Chris Miller, author of Chip War, discusses the rise of Nvidia and their role in generative AI. The episode also explores how big tech companies are trying to fend off AI startups. They discuss the importance of developer relations, Facebook's role in democratizing AI, concerns about open source models, attitudes towards open source, and the significance of chips in AI and the concentration of chip production.
NVIDIA's GPUs have become the go-to choice for training cutting-edge AI models.
NVIDIA effectively plays the role of a kingmaker in the industry by supplying their highly sought-after AI chips.
There is a growing exploration of performing inference on the edge using devices like phones or cars, potentially reducing latency.
Deep dives
NVIDIA's Evolution from Gaming Chips to AI
NVIDIA, initially focused on graphics chips for gaming, has evolved into a key player in the AI industry. Over a decade ago, the company recognized the potential of AI and began investing in building a software ecosystem around their chips. Today, NVIDIA is the dominant player in the market, with an estimated 90% market share for cutting-edge AI systems.
The Importance of GPUs in AI
GPUs (graphics processing units) play a crucial role in AI tasks due to their parallel processing capabilities. AI tasks require massive amounts of data and computations, and GPUs excel at processing this data in parallel, making them much faster than traditional CPUs. NVIDIA's GPUs have become the go-to choice for training cutting-edge AI models.
Scarcity of NVIDIA Chips and Kingmaker Status
NVIDIA's AI chips, especially the advanced H100s, are currently in high demand and scarce supply. NVIDIA effectively plays the role of a kingmaker in the industry, as their chips are sought after by startups and other companies to run AI-related tasks. NVIDIA's partnerships with cloud computing providers and efforts to build a fragmented market further strengthen their position in the AI chip industry.
Competition and Rivalry in the AI Chip Market
While there are competitors like Google and AMD in the AI chip market, NVIDIA currently holds a significant advantage. Google has developed its own chip called the TPU (Tensor Processing Unit), but many companies still prefer NVIDIA's GPUs. Intel is also trying to compete but currently relies on TSMC, a Taiwanese manufacturer, for advanced chip production. NVIDIA's ecosystem and established position make it difficult for competitors to gain significant market share.

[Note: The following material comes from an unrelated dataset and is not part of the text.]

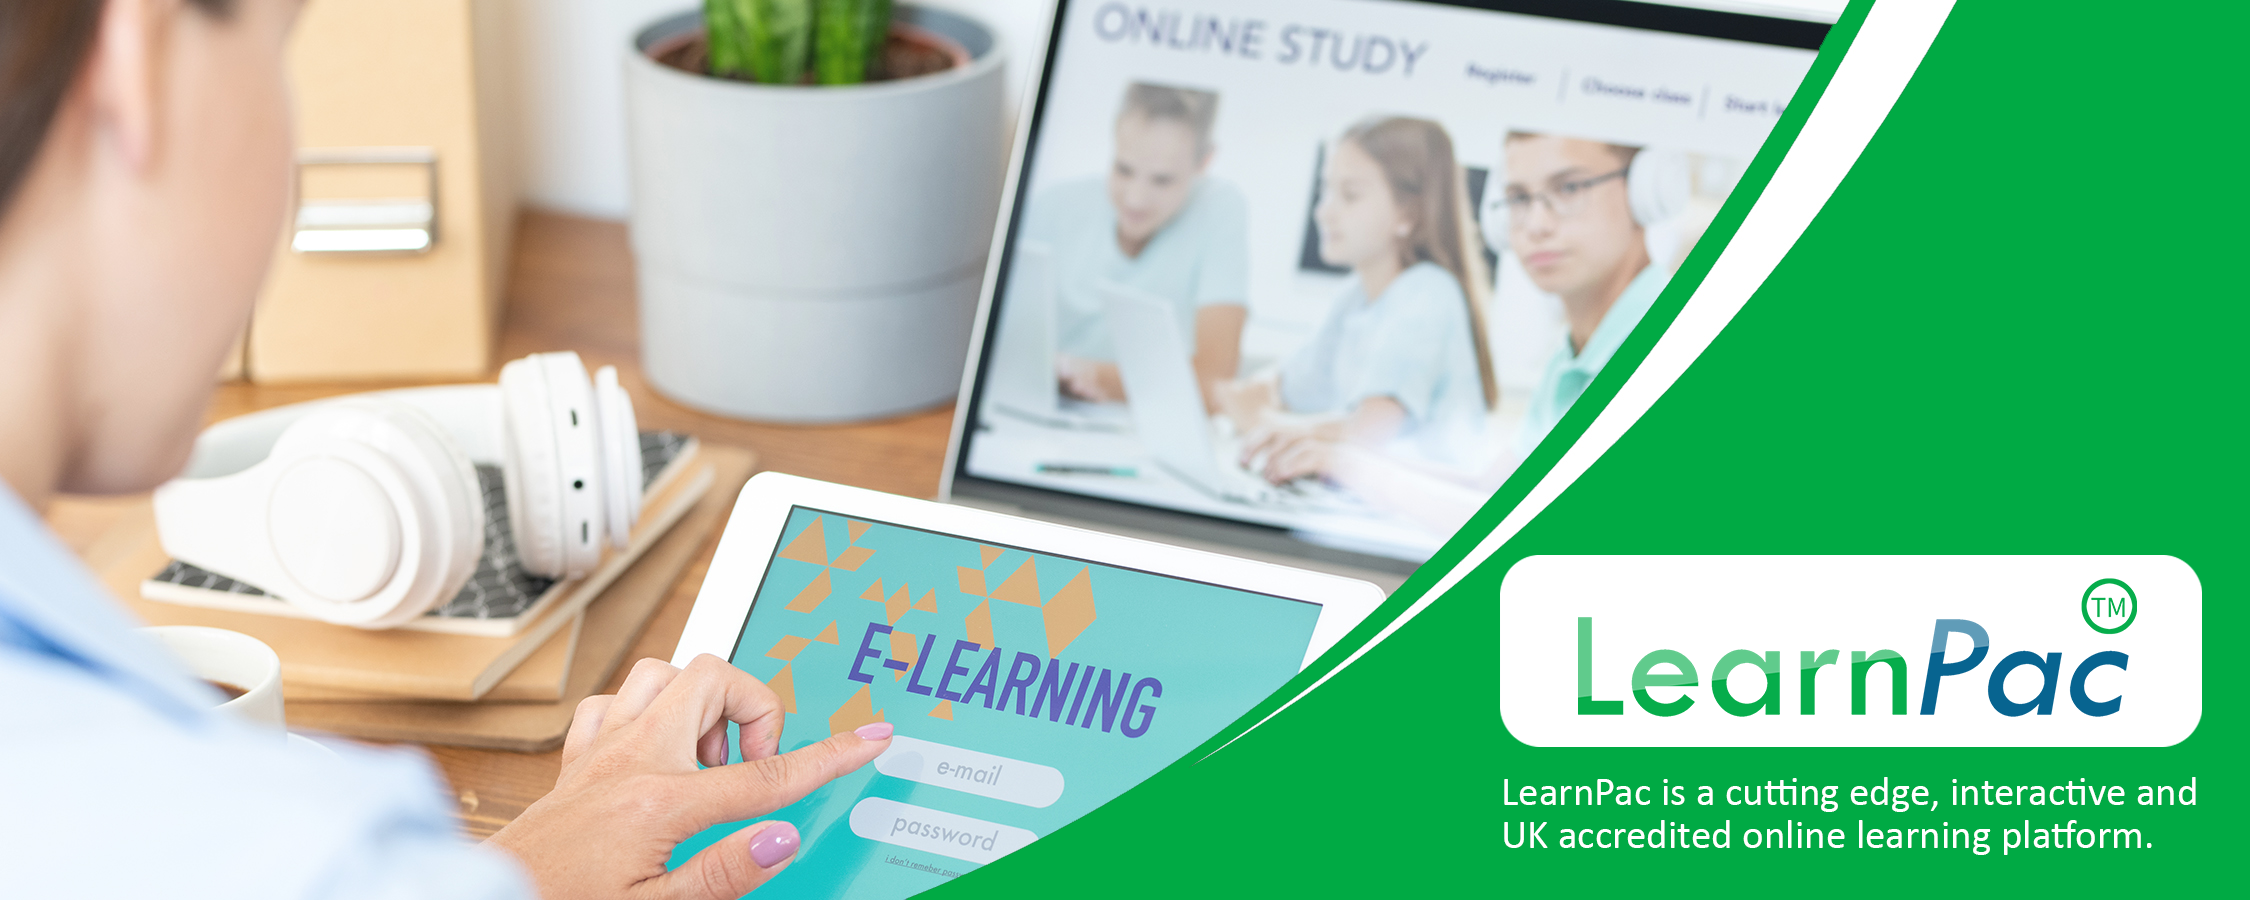 Clinical Governance - Online Learning Courses - E-Learning Courses - LearnPac Systems UK -

AI infrastructure and the need for compute power
The demand for compute power in AI training is so large that there is a deficit. Firms like OpenAI need all of their infrastructure and even more, but sharing is not feasible due to the high demand and limited access to compute power.
The role of inference on the edge and the potential of Apple
While AI training mainly occurs in big data centers, there is a growing question about the future of inference. Inference on the edge, where computing happens in devices like phones or cars, is being explored as an alternative to data center-based inference. Companies like Apple could play a significant role in this area with their chips and devices, as they have the potential to bring inference closer to the user and reduce latency.
For this week’s episode, I spoke with Chris Miller, the author of Chip War, about the rise of Nvidia.
While OpenAI gets the lion’s share of the public adulation for the sudden excitement about generative intelligence, Nvidia’s H100 chips are powering much of the generative AI frenzy. Nvidia’s stock has climbed over 200% over the past 12 months. And the company has become a key investor in generative AI startups.
Miller (who comes on the show around the 41-minute mark) talks through Nvidia’s history and the geopolitical war raging over the production of chips.
In the first part of the episode, Cerebral Valley AI Summit co-hosts Max Child, James Wilsterman, and Idiscuss how big technology companies are working to fend off this new generation of AI startups.